[Opening Dataset records section]

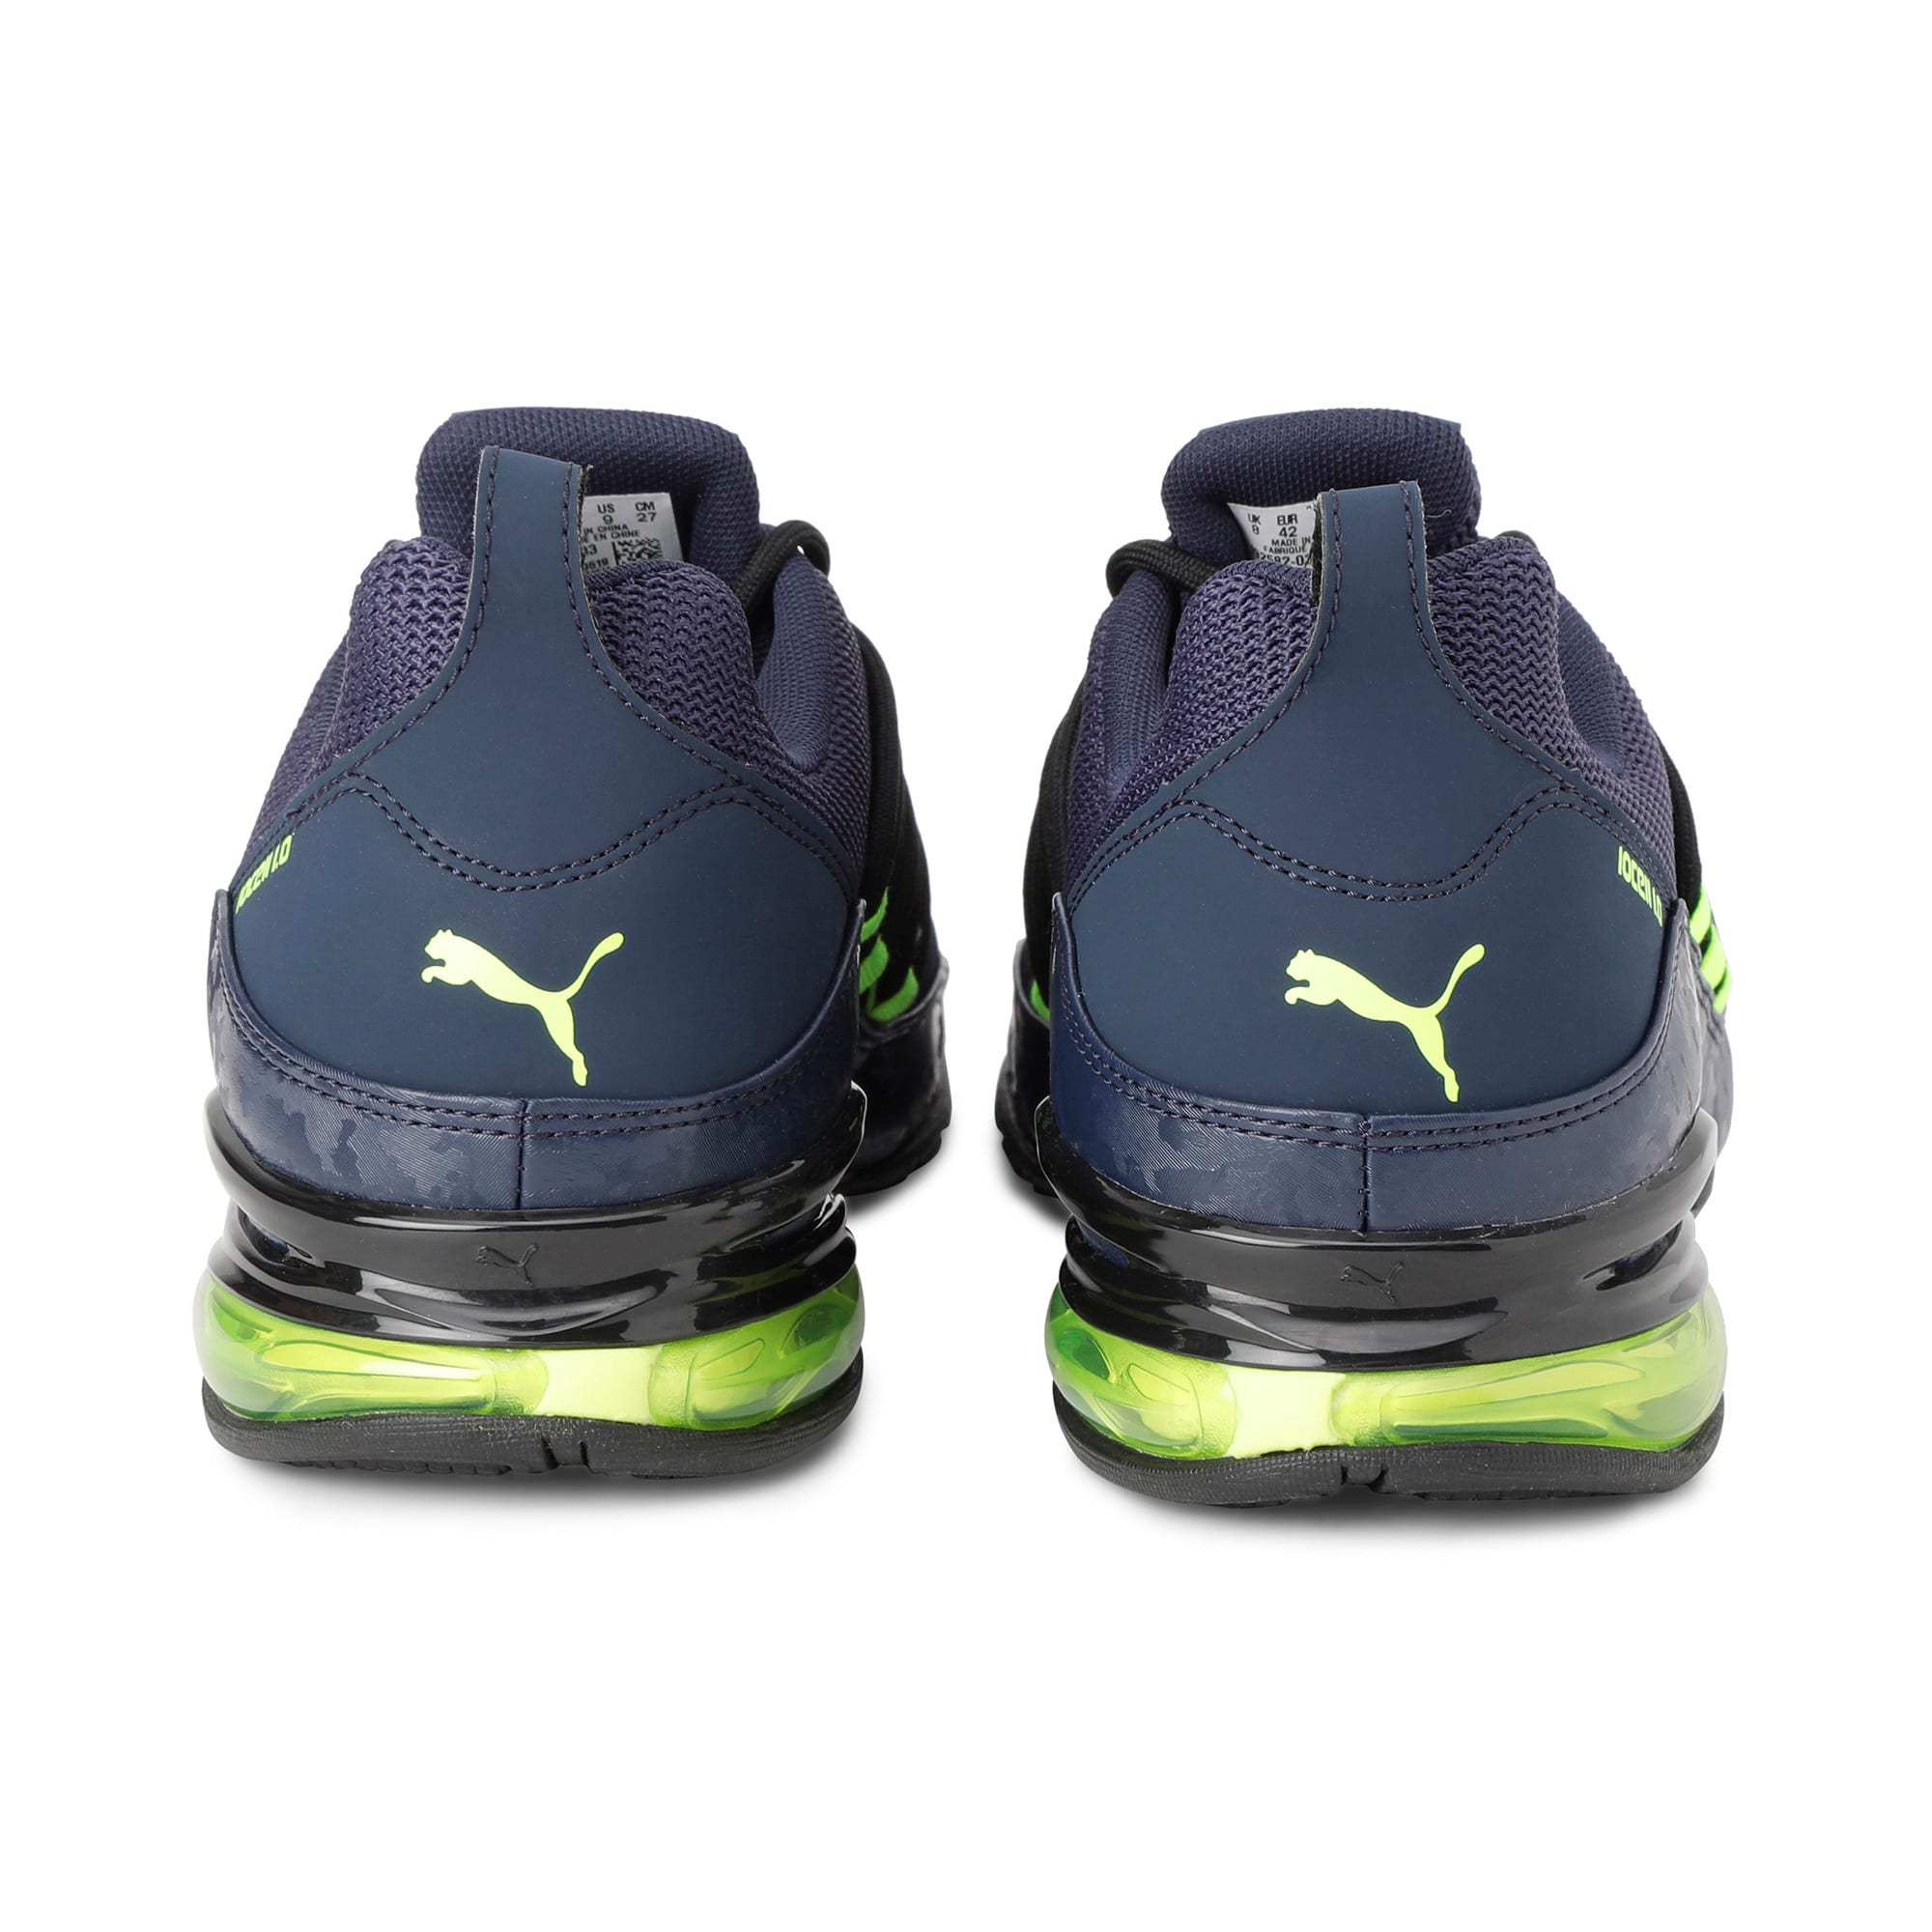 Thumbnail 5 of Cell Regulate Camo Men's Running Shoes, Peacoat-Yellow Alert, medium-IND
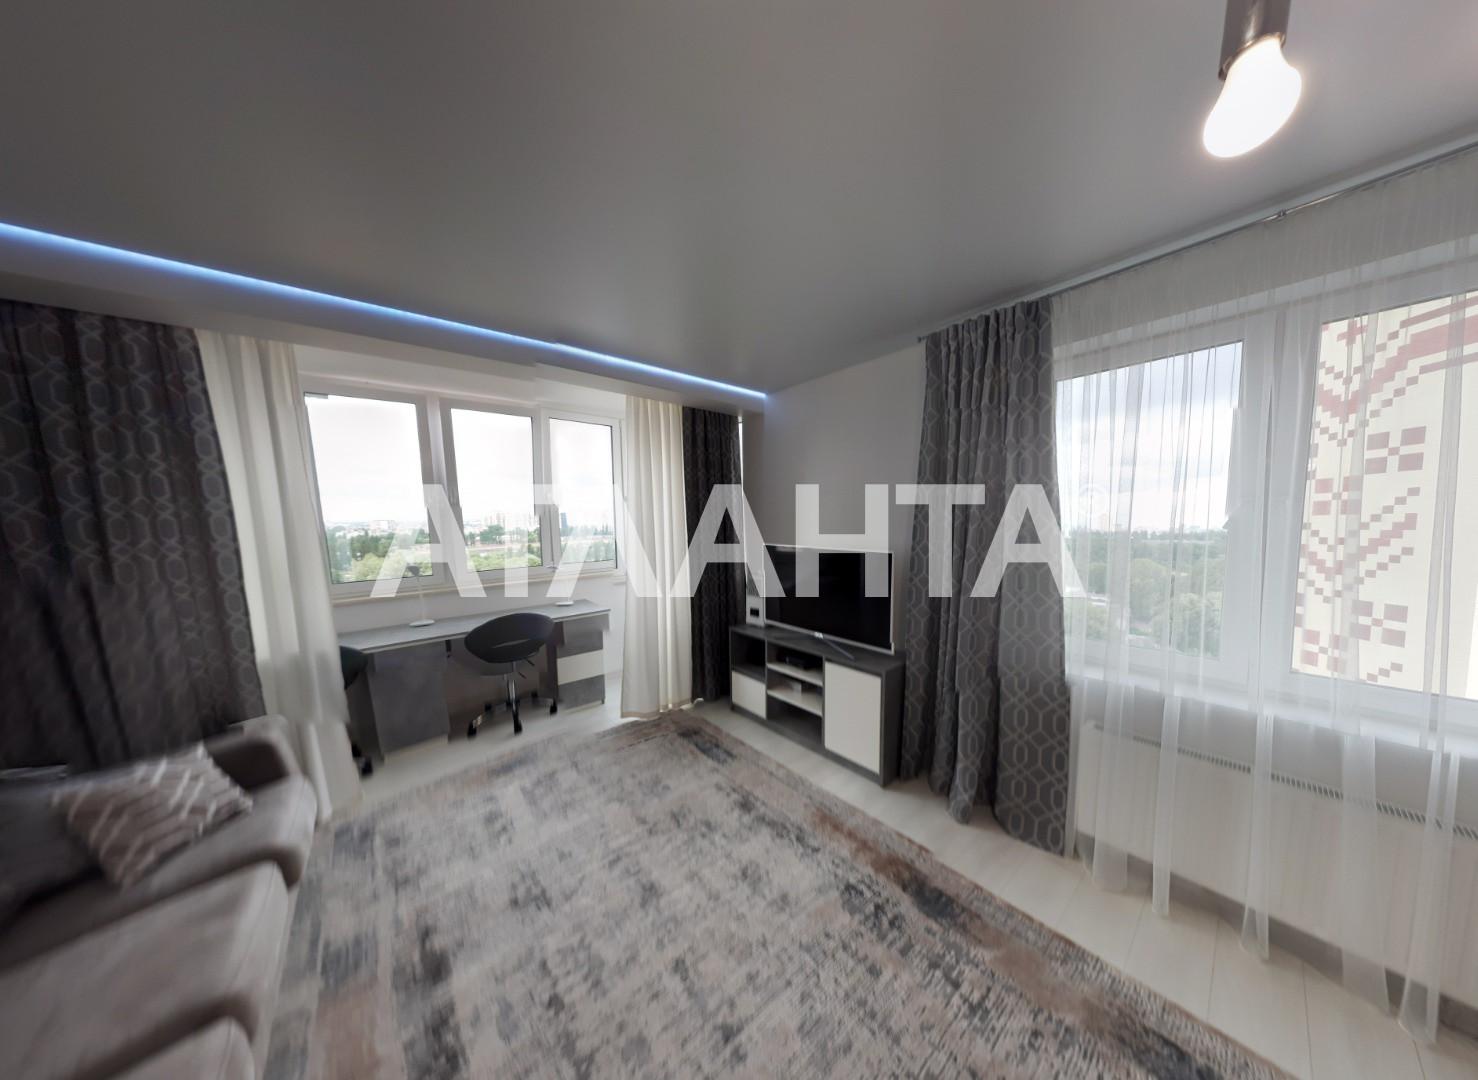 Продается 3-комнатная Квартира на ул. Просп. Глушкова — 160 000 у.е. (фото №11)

[Closing Dataset records section]
[Opening Dataset records section]

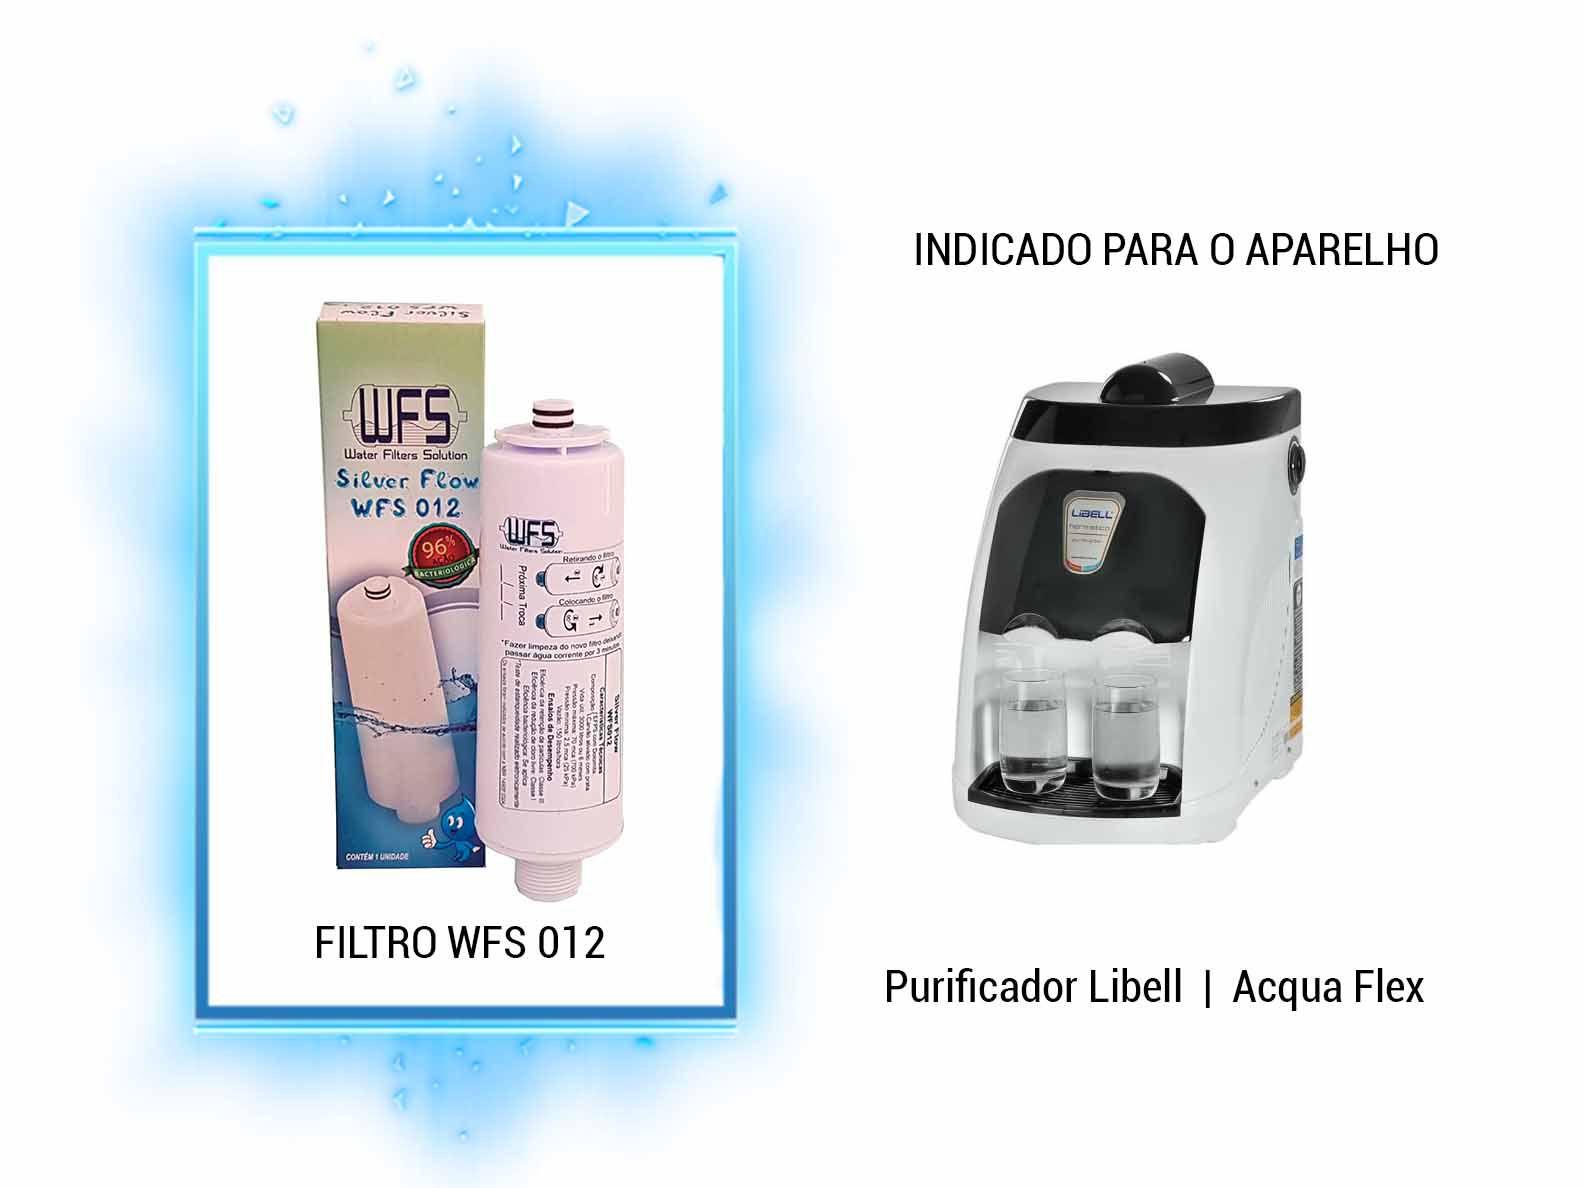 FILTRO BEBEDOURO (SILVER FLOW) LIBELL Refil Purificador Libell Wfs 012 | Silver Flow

[Closing Dataset records section]
[Opening Dataset records section]

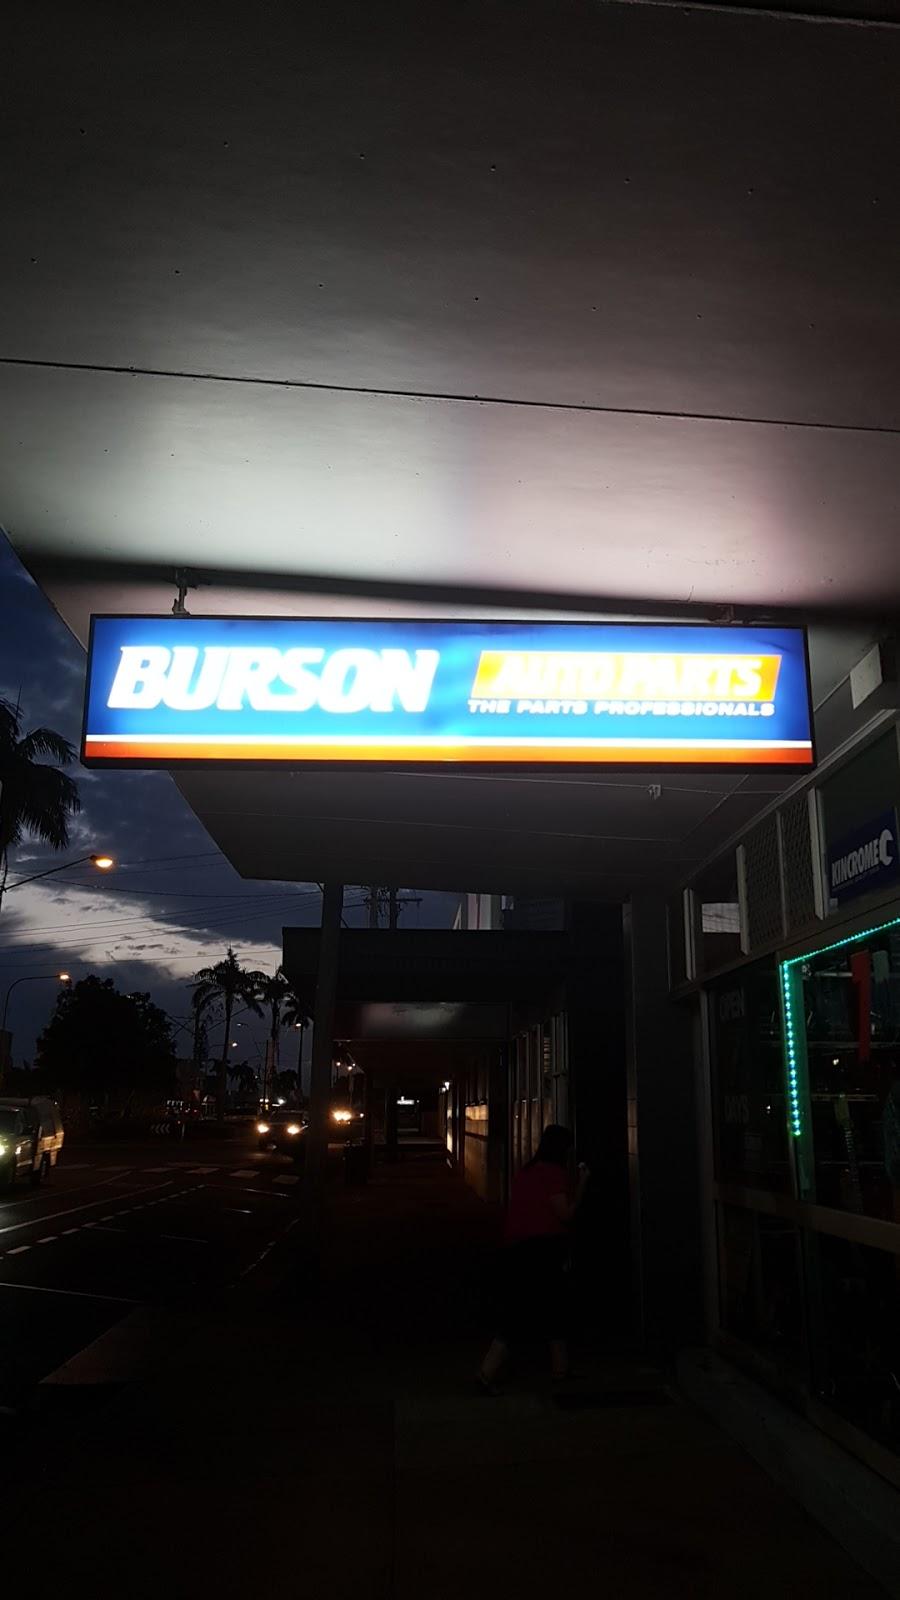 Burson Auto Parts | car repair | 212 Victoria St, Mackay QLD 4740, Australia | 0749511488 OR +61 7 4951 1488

[Closing Dataset records section]

*Your objective*
In the listing above, find the line with "Thumbnail 5 of" and the line with "Продается 3-комнатная Квартира". Transcribe those two and everything between, exactly, leaving out pictures.

*Exercise solution*
 Thumbnail 5 of Cell Regulate Camo Men's Running Shoes, Peacoat-Yellow Alert, medium-IND
 Продается 3-комнатная Квартира на ул. Просп. Глушкова — 160 000 у.е. (фото №11)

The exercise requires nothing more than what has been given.